The first memory 43 stores registered voltage waveform data in association with the invocation buttons 52. The registered voltage waveform data includes voltage waveform data. corresponding to one cycle that reproduces a known pulsation pattern, such as normal pulse or smooth pulse, and voltage waveform data corresponding to one cycle created by the user. The normal pulse is a vibration pattern of artery in a case where a person is normal and healthy. The smooth pulse is a vibration pattern of an artery that occurs, for example, during pregnancy. The voltage waveform data that reproduces a known pulsation pattern is associated with the invocation button 52 that is named a pulse name such as “normal pulse.” The voltage waveform data created by the user is associated with the invocation button 52 that is named “User.”

The second memory 44 stores the drive waveform data that was sent to the drive unit 30 most recently (hereinafter referred to as the previous waveform data) and edit waveform data, which will be described below.

The third memory 45 stores programs that cause the waveform editing device 40 and the drive unit 30 to execute the processes of steps S13 to S13 and steps S21 to S24. The waveform editing device 40 and the drive unit 30 execute the processes of steps S11 to S13 and steps S21 to S24 in accordance with the programs.

The waveform editing section 46 creates edit waveform data corresponding to one cycle that is based on the previous waveform data sent to the drive unit 30, and causes the second memory 44 to store the edit waveform data. The edit waveform data stored in the second memory 44 is changed through an operation performed by the user. At a specific point in time, the waveform editing section 46 sends the current edit waveform data to the drive unit 30 as drive waveform data and updates the previous drive waveform data stored in the second memory 44.

The change determination section 47 refers to the comparison between the previous waveform data and the edit waveform data that are stored in the second memory 44 to determine whether the edit waveform data has been changed.

The condition changing section 48 sends, to the drive unit 30, the driving condition that has been set through an operation performed by the user.

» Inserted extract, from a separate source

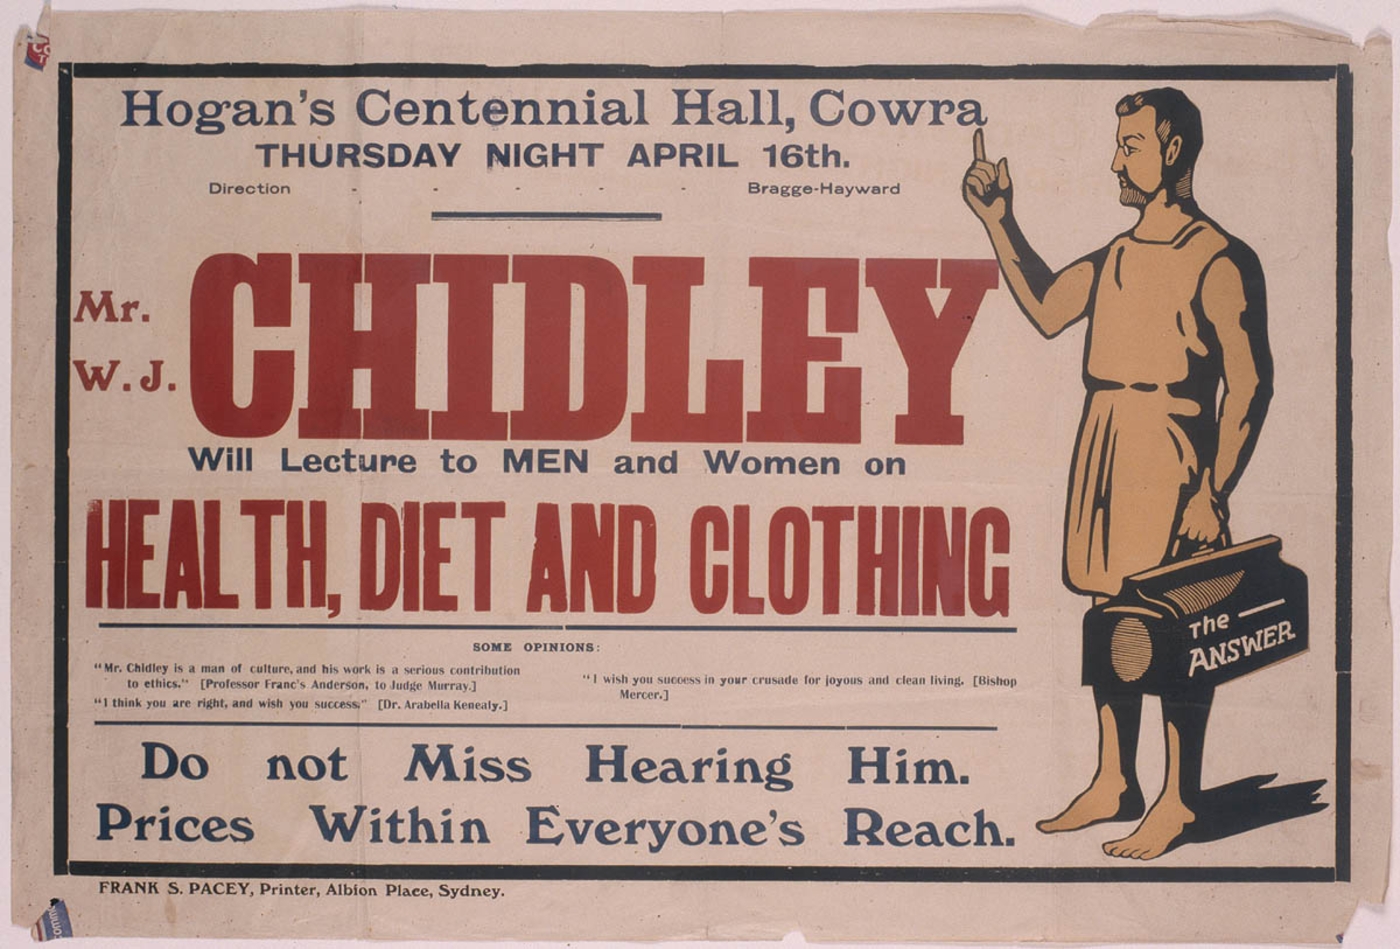 Pdf The Wroeites, William Chidley And The British Medical Association

The image processor 49 creates an image that indicates a waveform corresponding to edit waveform data and displays the image on the first waveform editing screen 55 of the display 42. The first waveform editing screen 55 displays a waveform that includes several anchor points P and Bezier curves. The anchor points P correspond to a start point, an end point, and inflection points of a waveform that corresponds to one cycle. Each of the Bezier curves connects adjacent ones of the anchor points P. The image processor 49 creates an image indicating a waveform in which the current driving condition is reflected on the previous drive waveform data stored in the second memory 44 and displays the image on the driving situation screen 56 of the display 42.

Various types of the voltage waveform data in the present embodiment include, as parameters that define a waveform, information related to the coordinates of all the anchor points P of a waveform corresponding to one cycle, the Bezier curves that each connect adjacent ones of the anchor points P, the magnitude of an output, the magnitude of an offset voltage, and the maximum voltage. The anchor point P corresponding to the start point and the anchor point P corresponding to the end point have the same value.

Referring to FIG. 7, while the DEA 13 is driven, the waveform editing device 40 repeatedly executes the following processes of steps S11 to S13 in a cycle of several milliseconds to several tens of milliseconds.

In step S11, the change determination section 47 compares the previous waveform data with the edit waveform data stored in the second memory 44 to determine whether the previous waveform data is different from the current edit waveform data. The determination of the difference between the previous waveform data and the current edit waveform data is based on whether the parameters included in the previous waveform data all match the parameters included in the current edit waveform data.

When determining in step S11 that the previous waveform data. is different from the current edit waveform data (YES), the waveform editing section 46 executes step S12 to send the current edit waveform data to the drive unit 30 as the drive waveform data. Next, in step S13, the waveform editing section 46 updates the previous waveform data stored in the second memory 44 and then ends the process. When determining in step S11 that the previous waveform data is not different from the current edit waveform data (NO), the change determination section 47 ends the process.

Referring to FIG. 8, while the DEA 13 is driven, the controller 32 of the drive unit 30 repeatedly executes the following processes of steps S21 to S24 in a cycle of several milliseconds to several tens of milliseconds.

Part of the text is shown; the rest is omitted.